* Exercise goal
Line by line, restate the material word for word, omitting any image.

* Information supplied
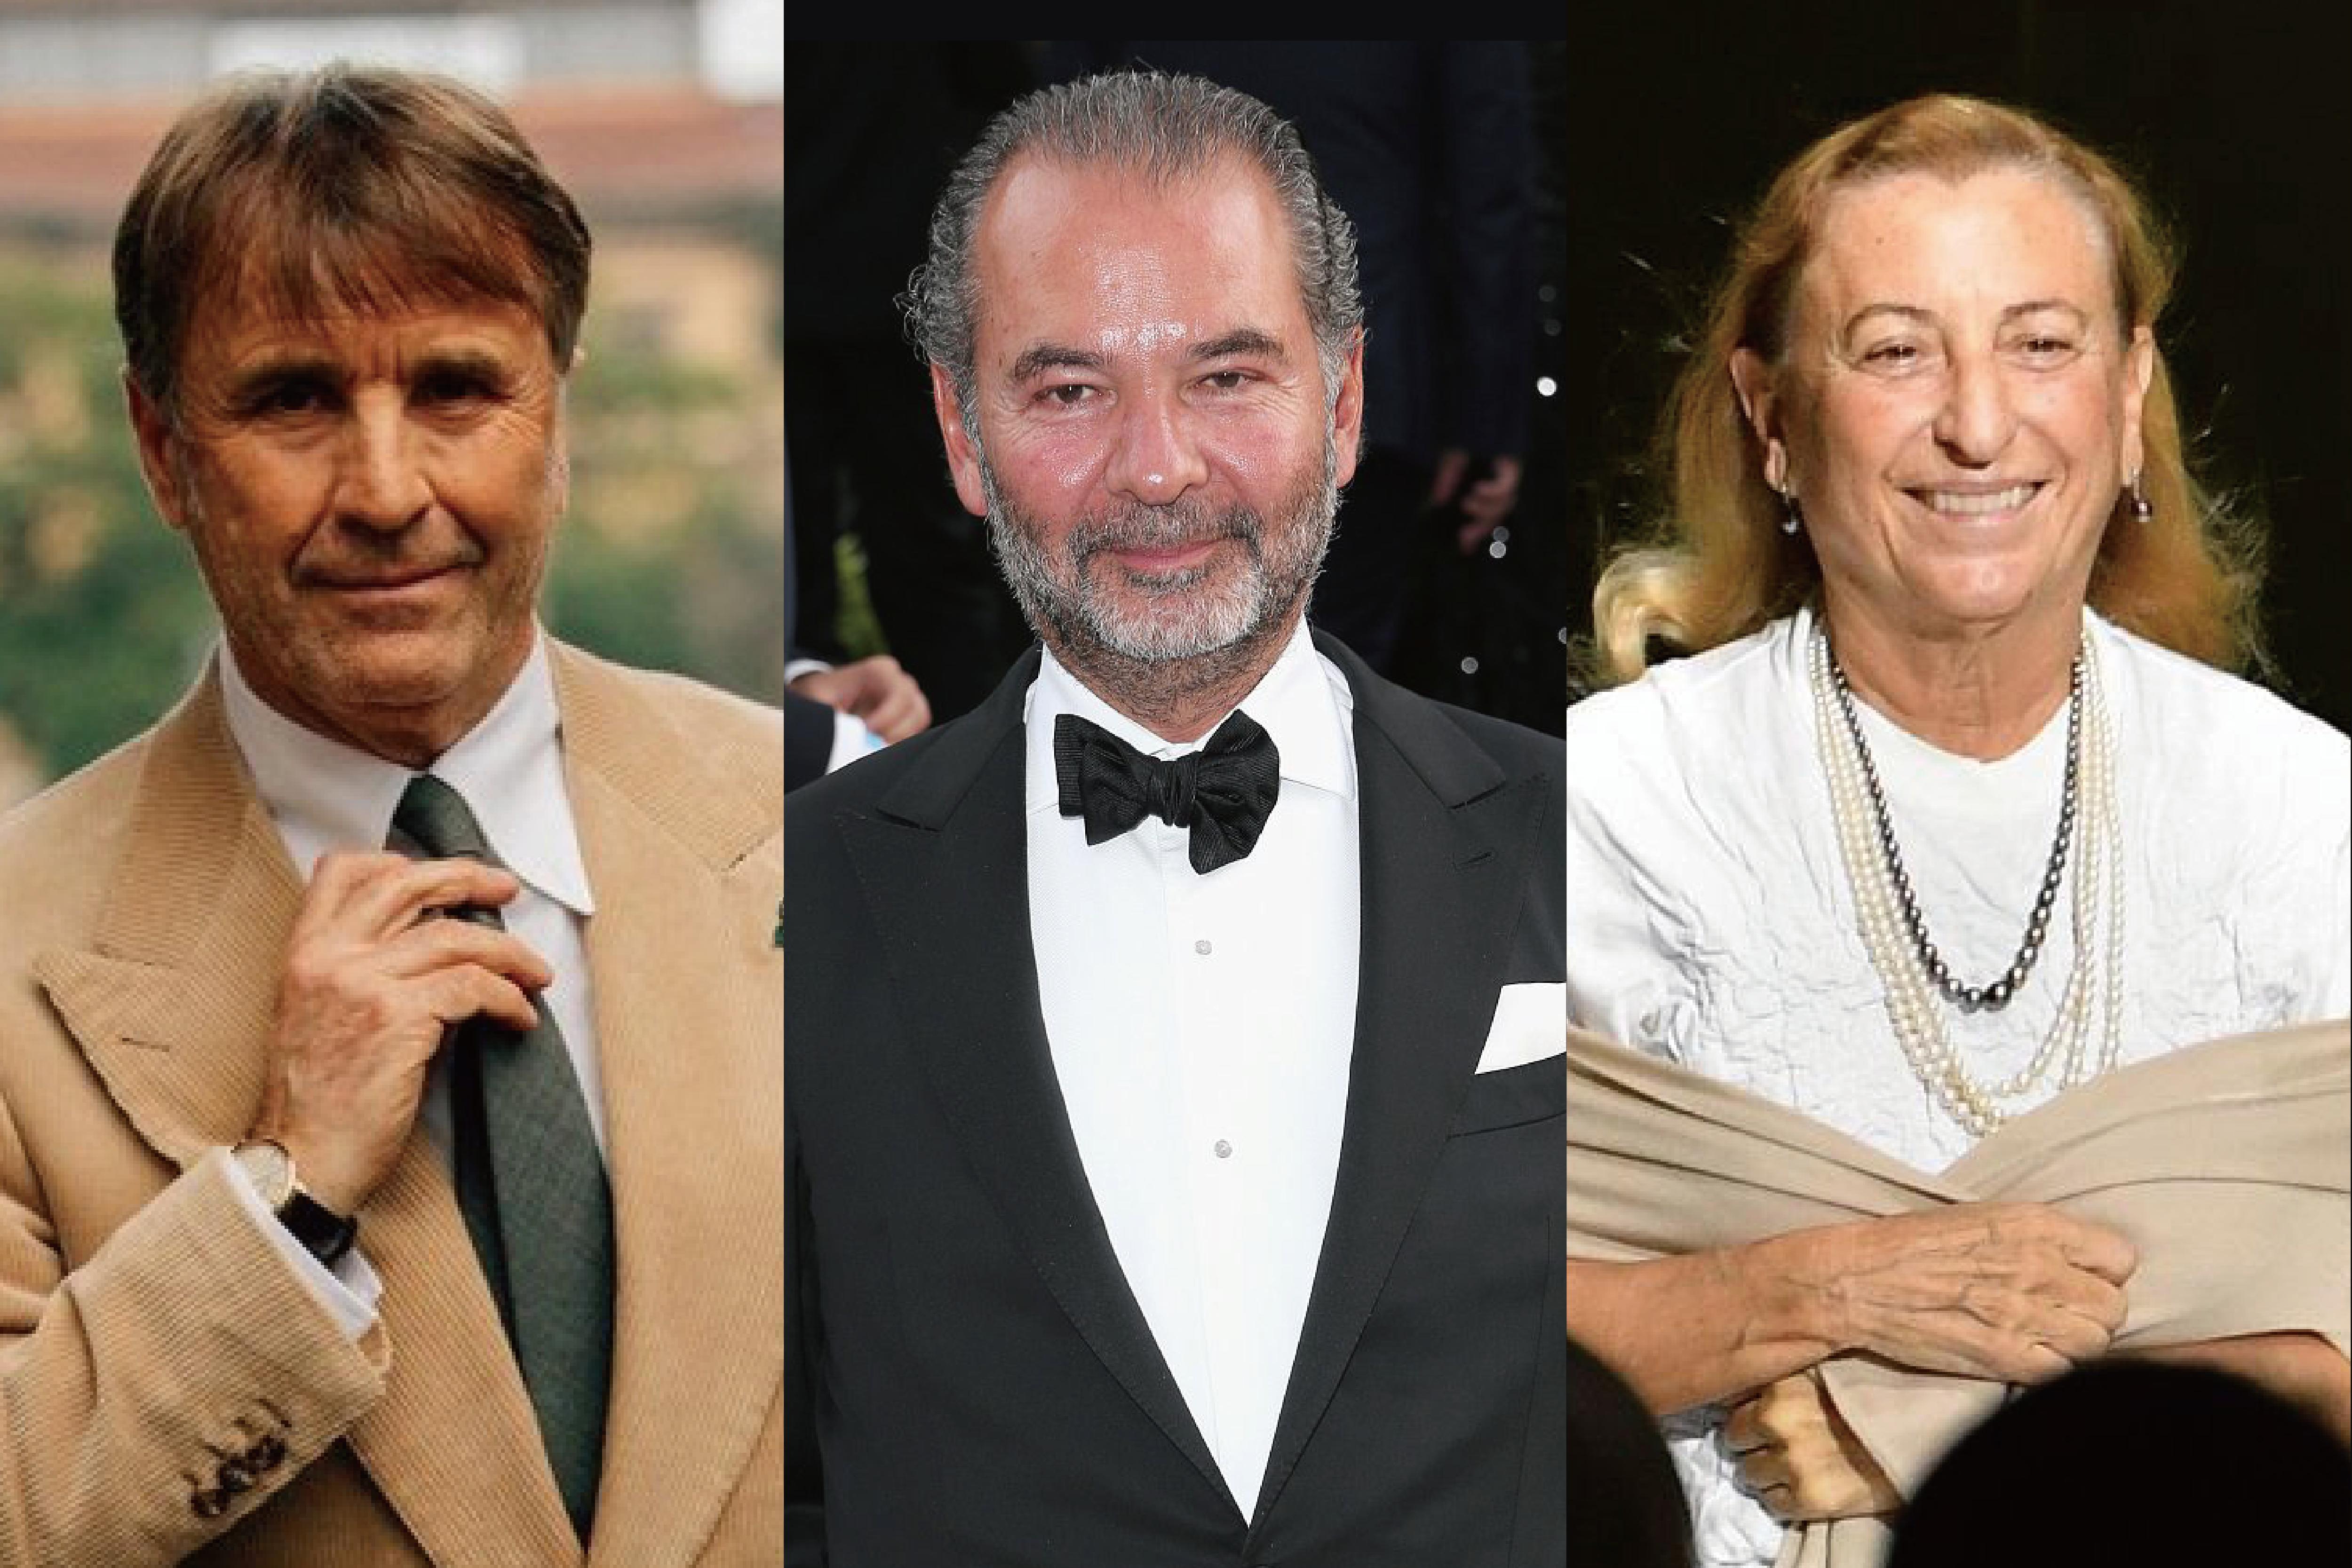 谁是最得人心的意大利时尚企业家:Brunello Cucinelli,Moncler 和 Prada 的掌门人高居前三
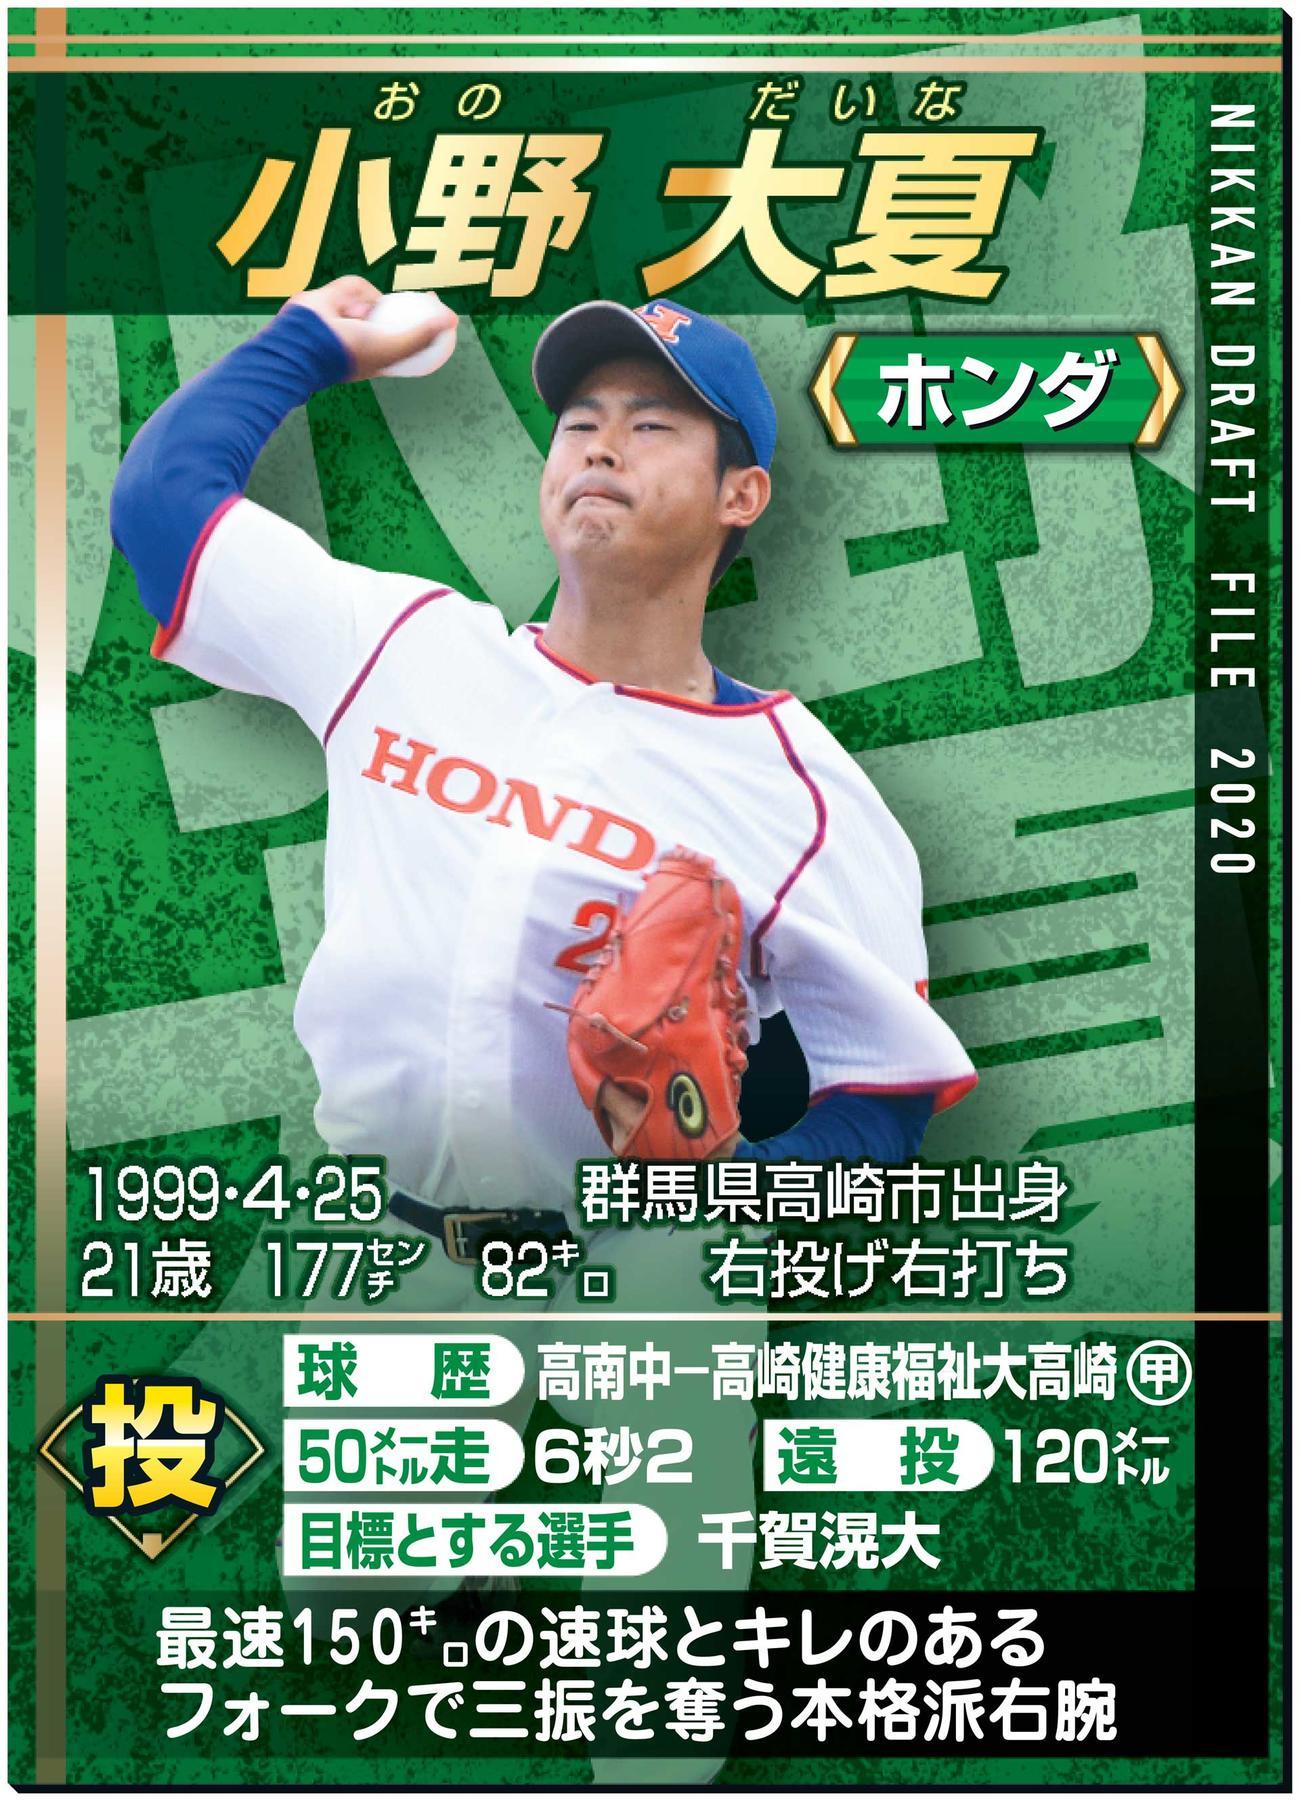 ドラフトファイル:小野大夏
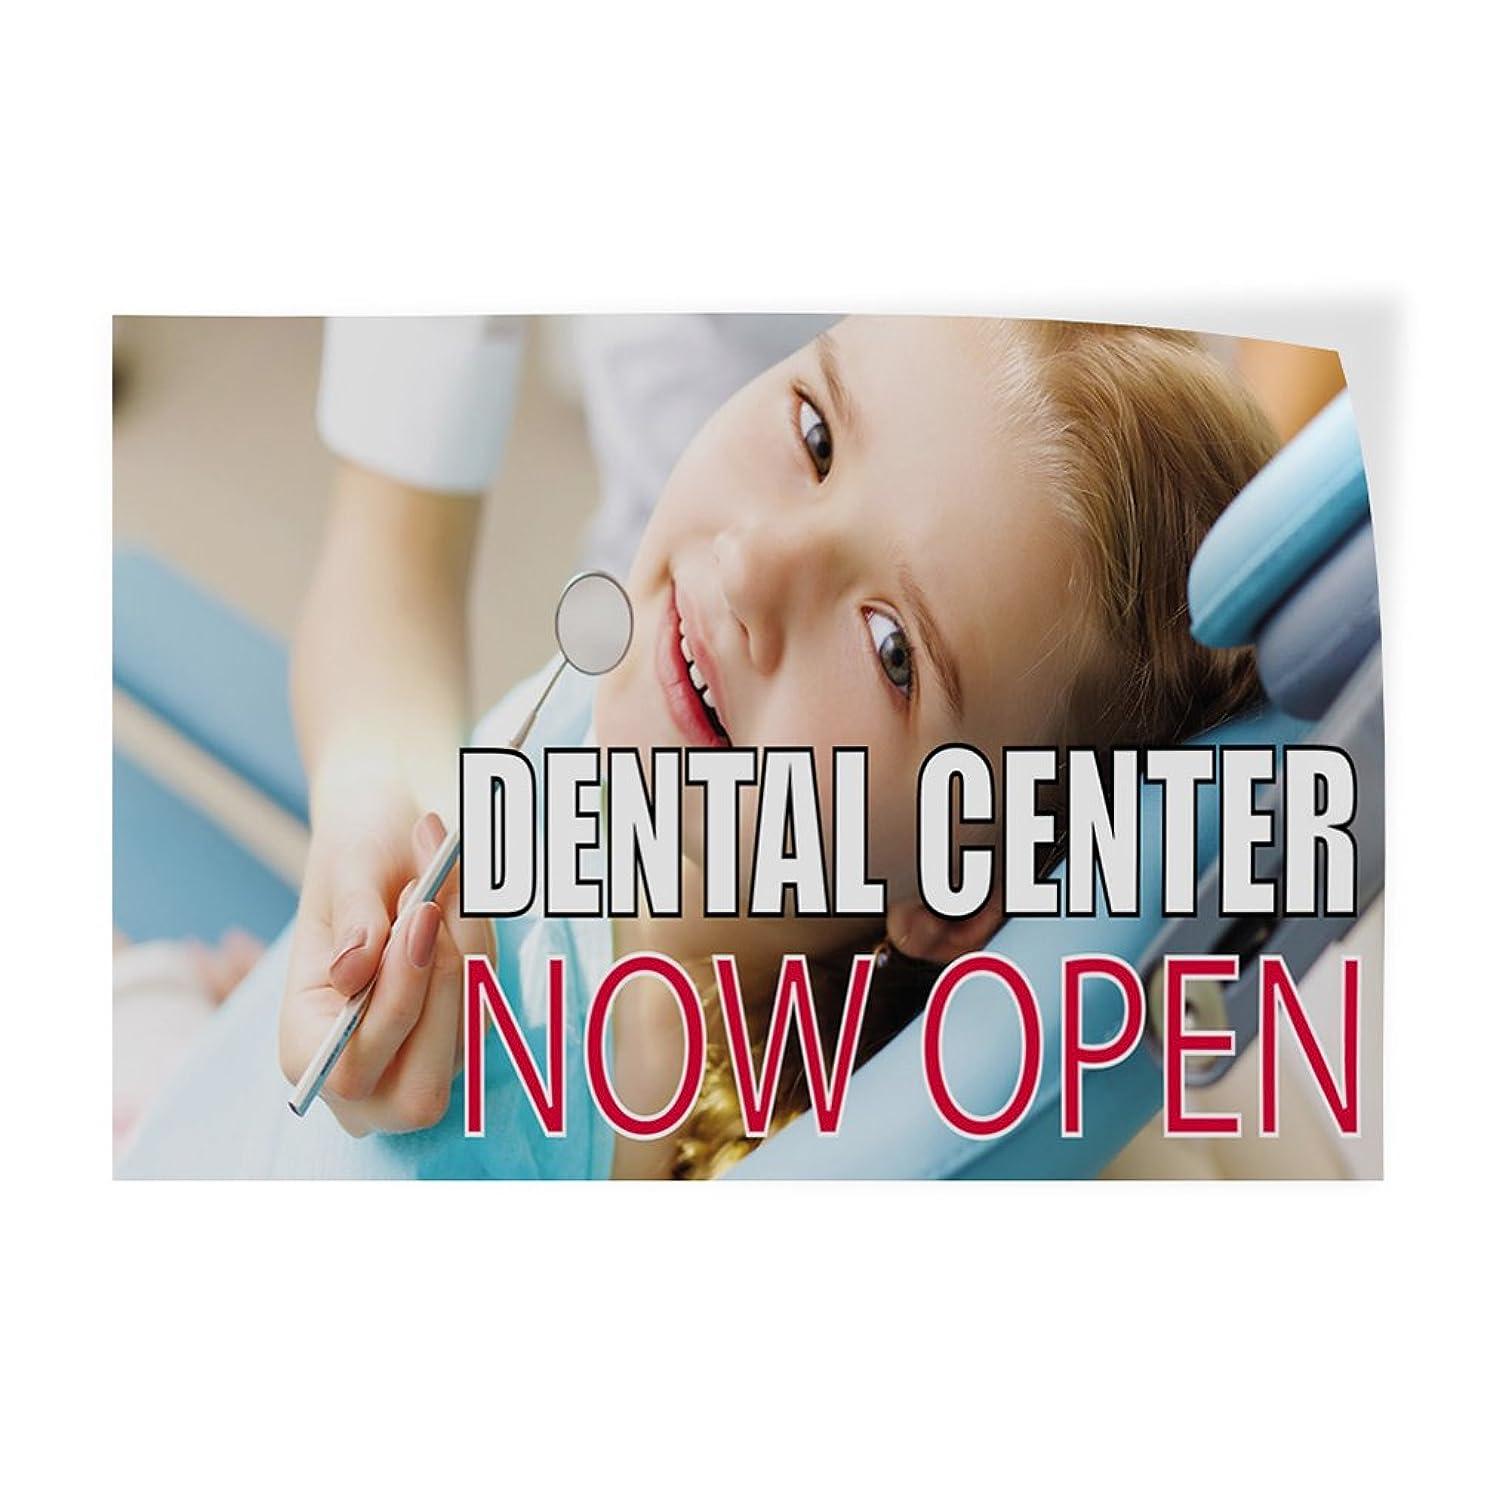 Dental Center Now Open Indoor Store Sign Vinyl Decal Sticker - 9.25inx24in,
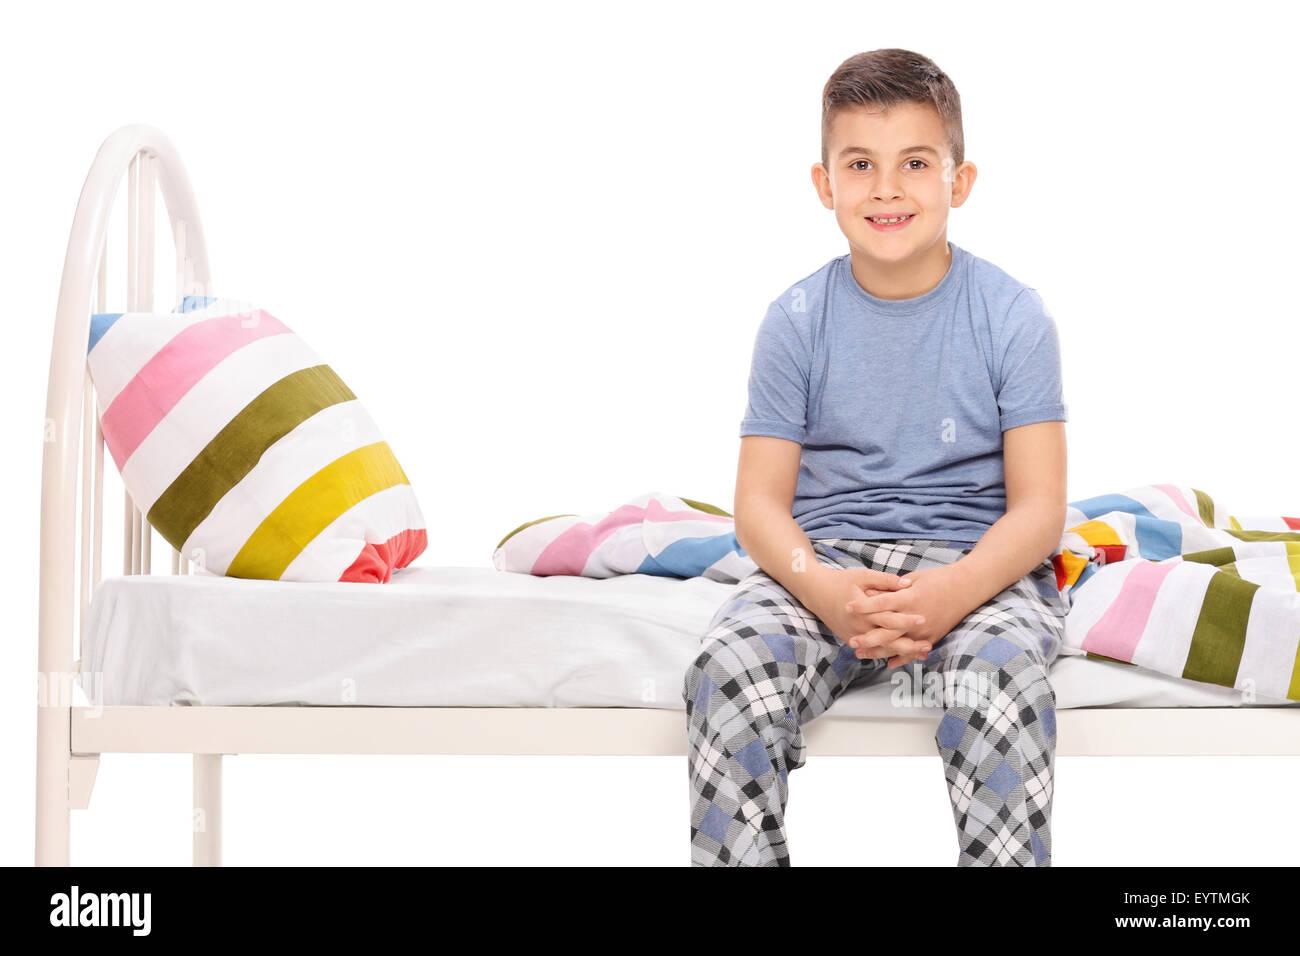 5c15d8d08d Niño en pijama azul sentado en una cama y mirando la cámara aislado en  blanco Imagen

* Response for this exercise
 谁是最得人心的意大利时尚企业家:Brunello Cucinelli,Moncler 和 Prada 的掌门人高居前三
 ドラフトファイル:小野大夏
 Dental Center Now Open Indoor Store Sign Vinyl Decal Sticker - 9.25inx24in,
 5c15d8d08d Niño en pijama azul sentado en una cama y mirando la cámara aislado en  blanco Imagen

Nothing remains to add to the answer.